§ Supplied material
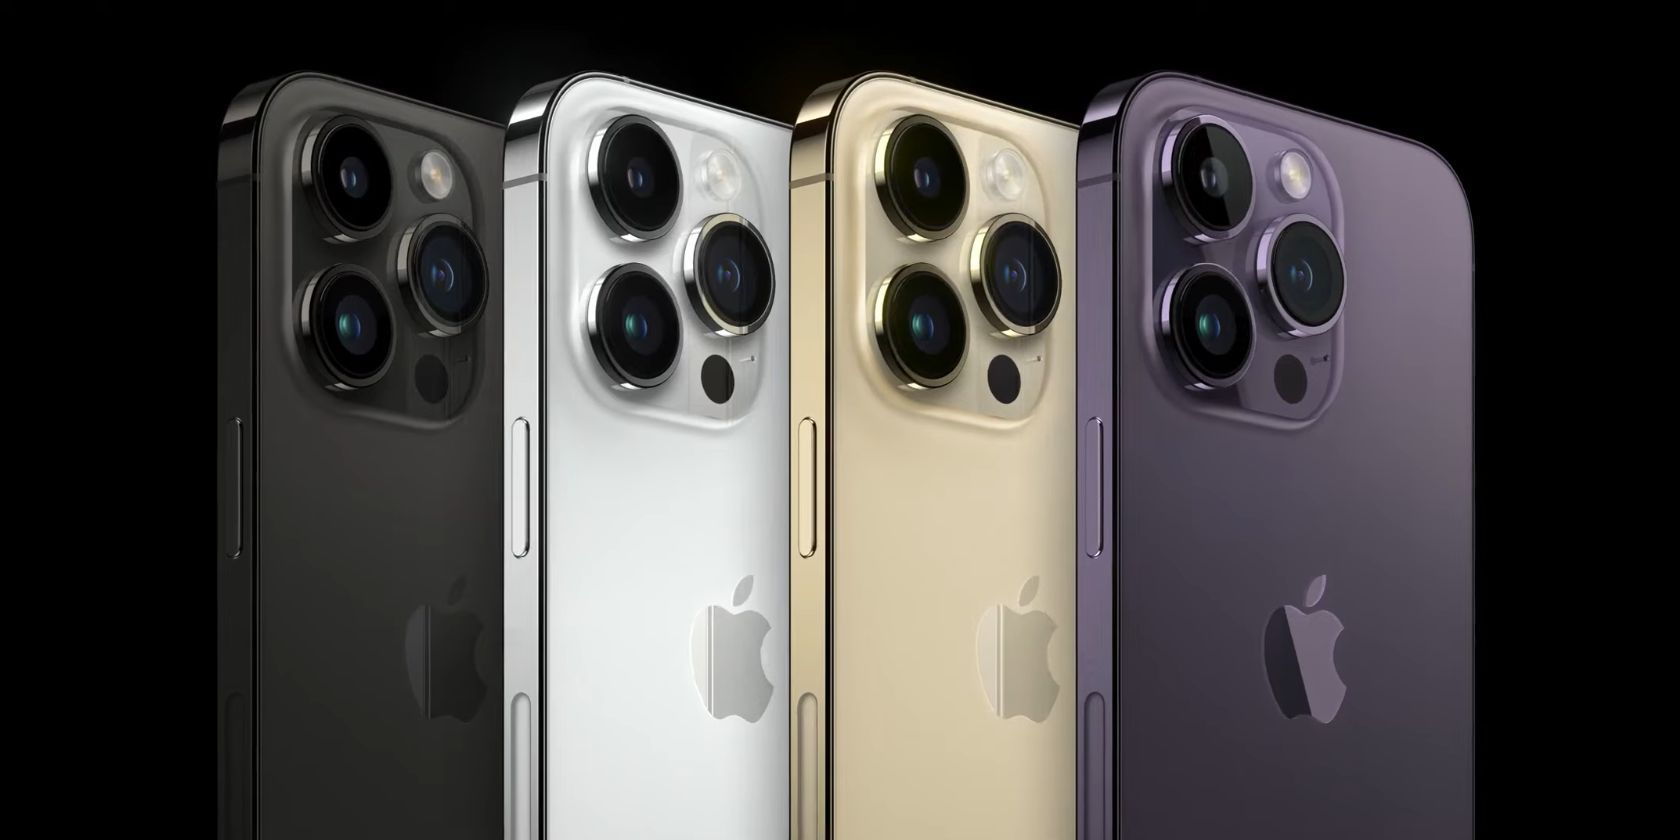 all colors of iphone 14 pro and pro max: space black, silver, gold, deep purple
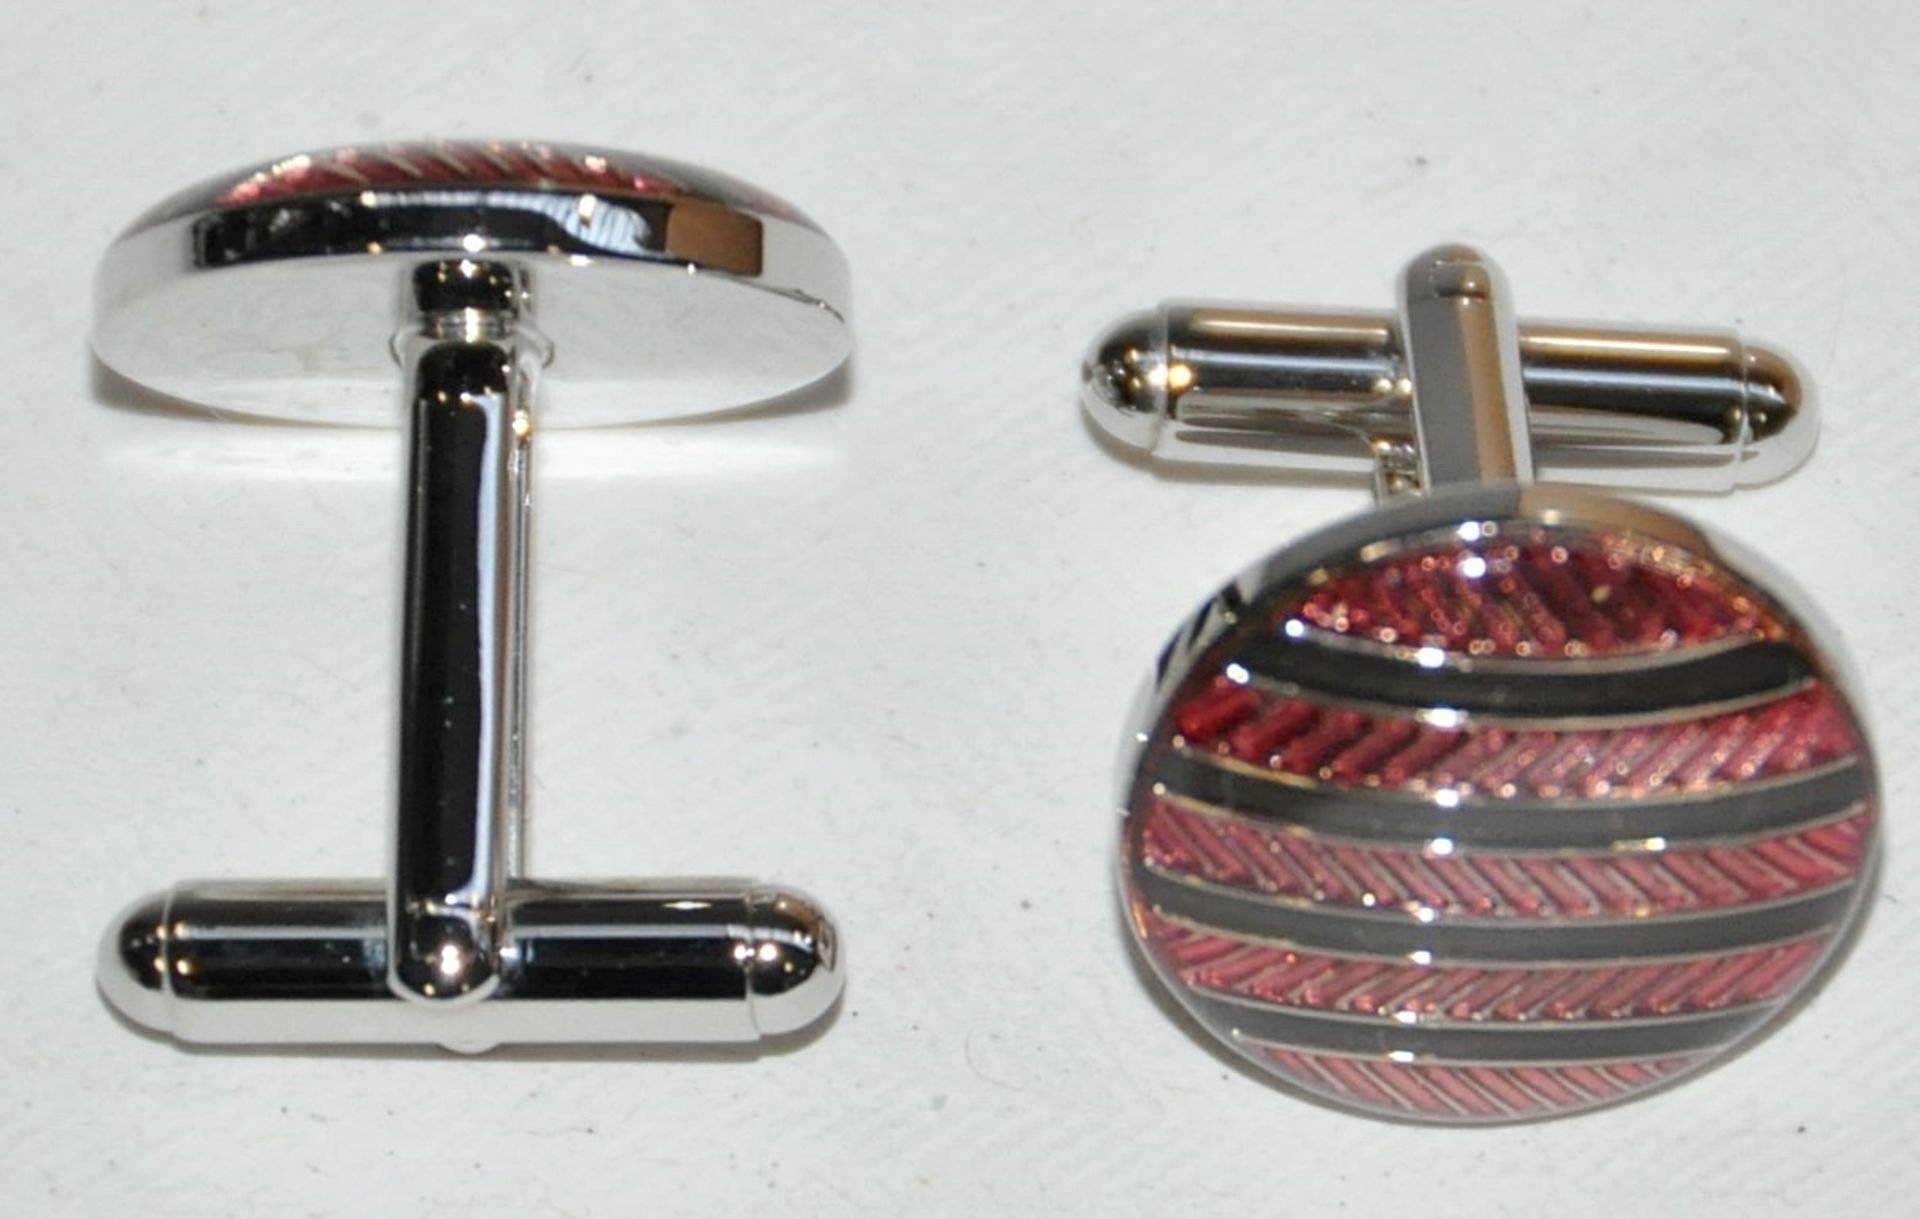 10 x Pairs of Genuine “Circle, Stripe” Enamel CUFFLINKS by Ice London – Silver Plated, 2 Colours - Image 2 of 3
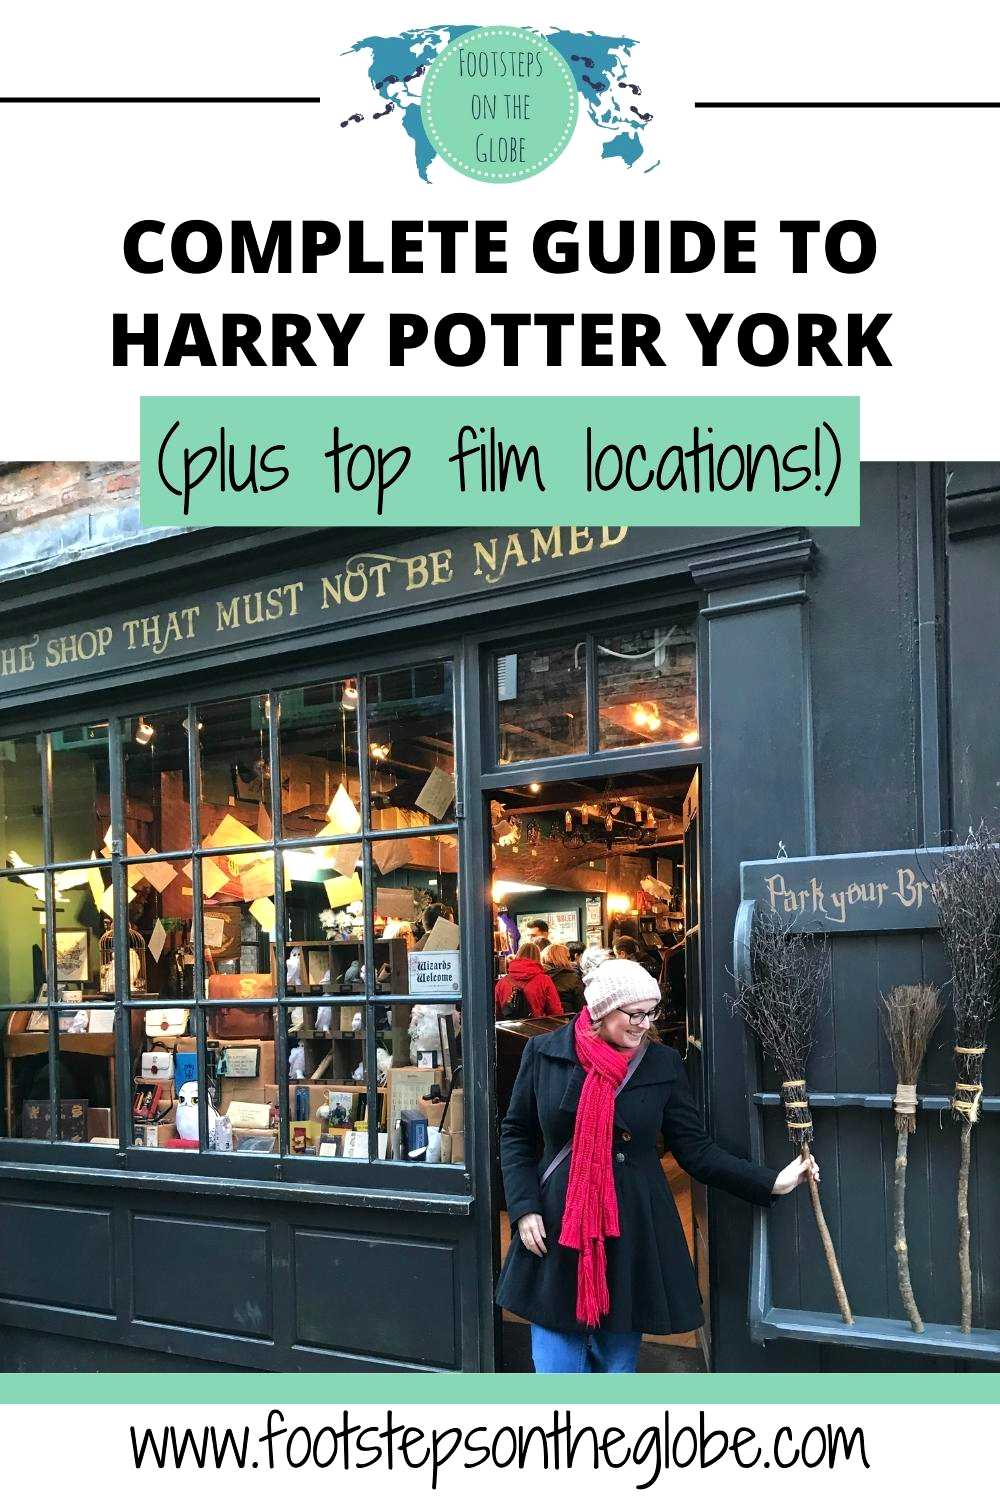 Pinterest image of Mel wearing a pink wooly hat, black coat and red scarf, grabbing a groom outside the "The Shop That Must Not Be Named" in York with the text: "Complete Guide to Harry Potter York (plus top film locations!)"
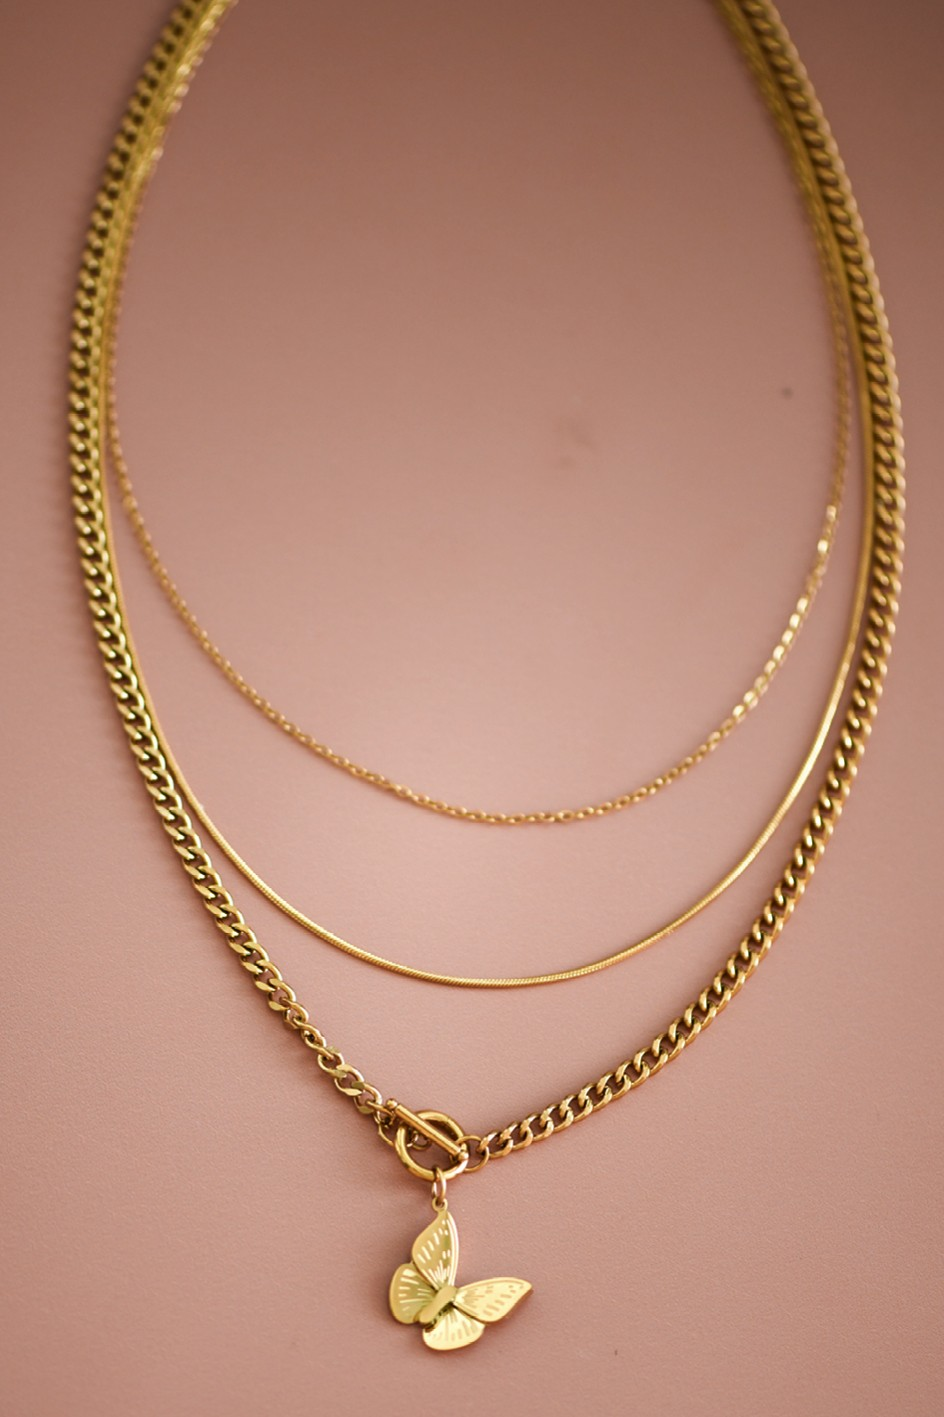 18K Gold Non-Tarnish Stainless Steel Necklace

§ Exercise prompt
Every line from the line containing "Pinterest image of" through the last line above is to be printed exactly. Pictures are not copied.

§ Completed exercise
 Pinterest image of Mel wearing a pink wooly hat, black coat and red scarf, grabbing a groom outside the "The Shop That Must Not Be Named" in York with the text: "Complete Guide to Harry Potter York (plus top film locations!)"
 18K Gold Non-Tarnish Stainless Steel Necklace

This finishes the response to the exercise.